Lezen gaat voor liturgie

Bepaalde hoofdstukken uit Johannes zijn voor roostervolgelingen zoals ik nauw verbonden met het liturgisch jaar. De bruiloft te Kana komt altijd in januari (net na die vrije zondag die ik daags na Kerst altijd zo nodig heb) als begin van Epifanie. De voetwassing op Witte Donderdag. En ‘de graankorrel die moet sterven’ komt eens in de drie jaar in de Veertigdagentijd aan bod. Nee, ik heb daar niks op tegen, want ja, die teksten passen daar in het liturgisch jaar. Ze staan alleen zo los op die zondag, je raakt de context van het vertelde verhaal kwijt. En dat is nou juist zo mooi aan die doorgaande lezing, dat lezen nu (een aantal maanden) vóór liturgie komt.

Toch is dat niet consequent terug te zien in het ‘alternatieve leesrooster’ zoals dat is opgesteld. Op 25 december lezen we Johannes 1:1-18, maar op 2 januari kunnen we toch niet om de magiërs uit Matteüs heen; óf je moet al je aandacht richten op het hallelujavers uit Johannes 8:12: Ik ben het licht der wereld. Op 9 januari vervolgen we de lezing uit Johannes 1 met de verzen 19-34. Op 16, 23 en 30 januari wordt Johannes 1 en 2 uitgelezen. Maar niet doorgaand! Blijkbaar had ‘Kanazondag’ op 16 januari toch meer gewicht in de schaal, dus krijgen we vanaf 9 januari eerst 1:19-34, dan 2:1-12, dan terug naar 1:35-52 en dan weer 2:13-25. Wat zou er op tegen zijn om ‘Kana’ te lezen op 23 januari?

Wel doorgaand komt Johannes 11 in vier zondagen aan de orde in februari. Lazarus, met Martha en Maria, ik kan me er nu al op verheugen. Met direct aansluitend op Johannes 11 in de Veertigdagentijd Johannes 12. Daar is wel weer in ‘geknipt’: 12:12-19 is de intocht van Jezus in Jeruzalem. Die wordt verschoven naar Palmzondag – begrijpelijk, maar ook een concessie.

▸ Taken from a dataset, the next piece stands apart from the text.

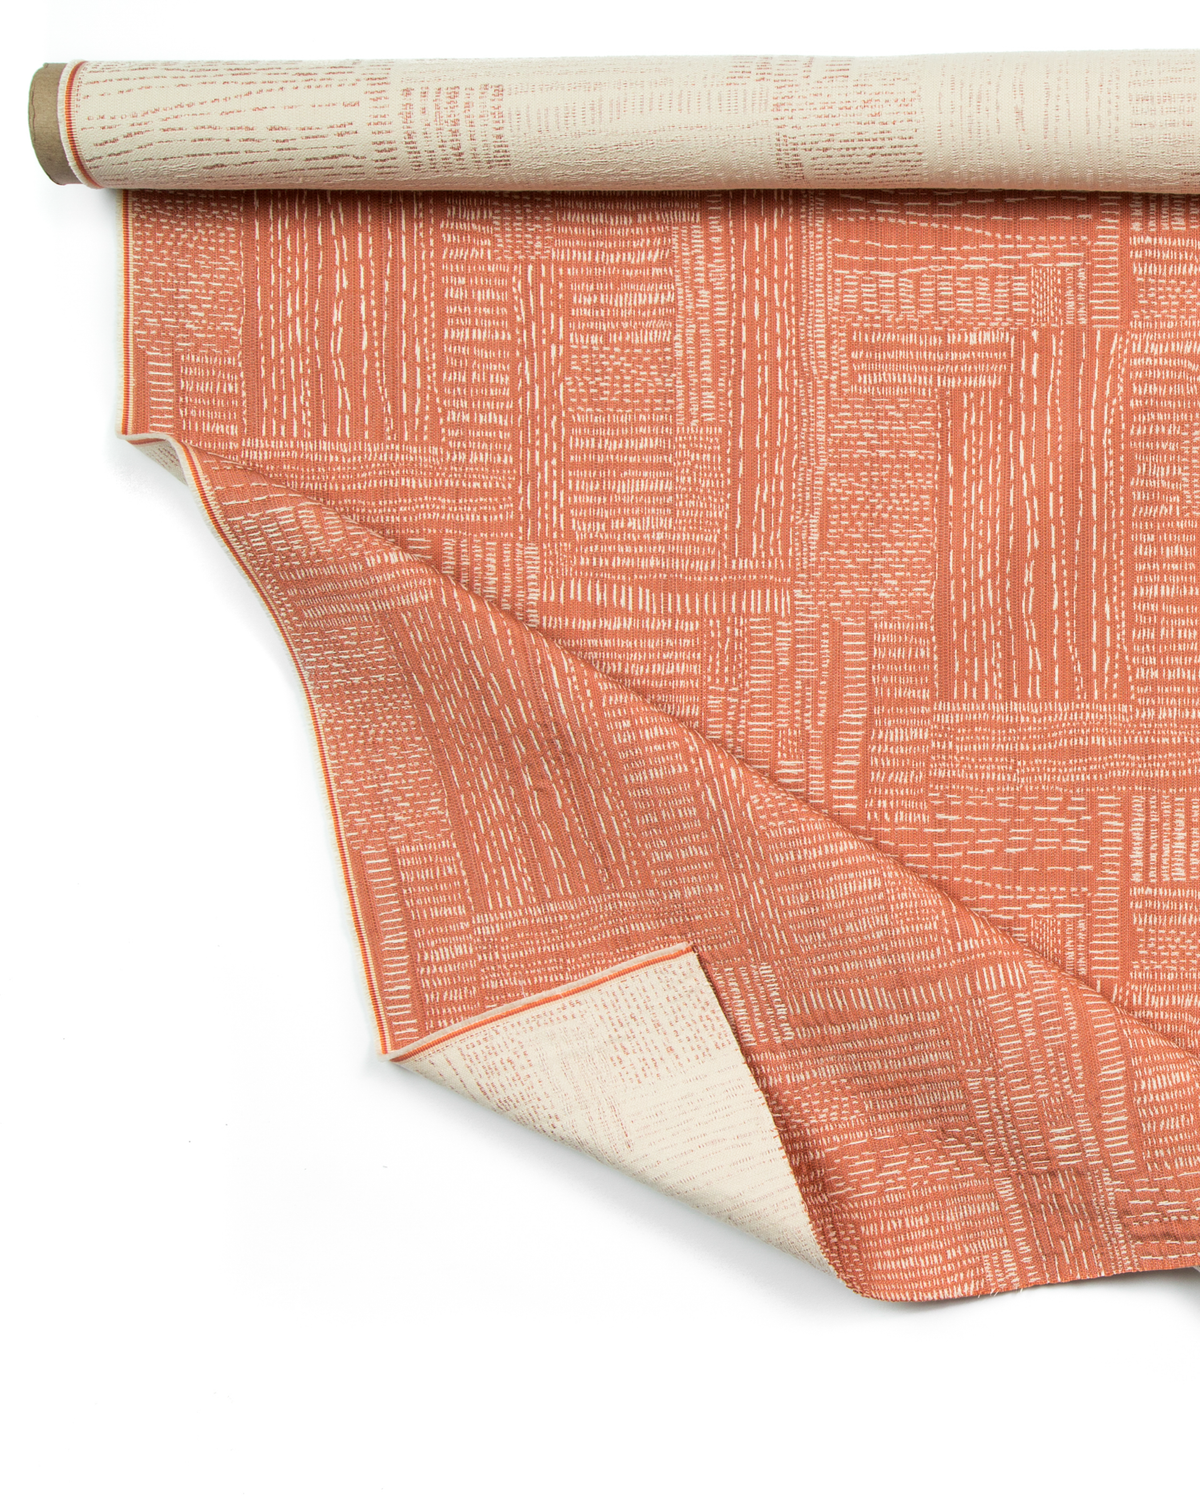 Sashiko Stitch Fabric in Tangerine

Blijft de vraag: wie is Jezus?

De lectio continua van Johannes 3-10 heeft me ook weer op het spoor gezet van de vraag wat het betekent om Jezus te ontmoeten. Nicodemus, de Samaritaanse vrouw, de hoveling uit Kafarnaüm, de mens die al 38 jaar ziek is, de blindgeborene, zij ontmoeten Jezus en dat verandert hun leven. Er is weer leven, of zelfs, er is eindelijk leven. De ontmoeting is transformerend.

In het optreden van Jezus herkennen zij wie hij is (een rabbi, een profeet). In het nieuwe jaar lezen we over Marta die Jezus ziet als de Christus, zoon van God. Transformerend is zeker de ontmoeting van Jezus met Lazarus. En aan het eind van het evangelie is het Tomas die de Opgestane Jezus herkent en zegt: “Mijn Heer en mijn God!”

Ik wil Johannes nu al vragen: “Weet je zeker dat God er wat mee te maken heeft?”

OMG, ik blijf nog maar even doorlezen tot ik het ook zie.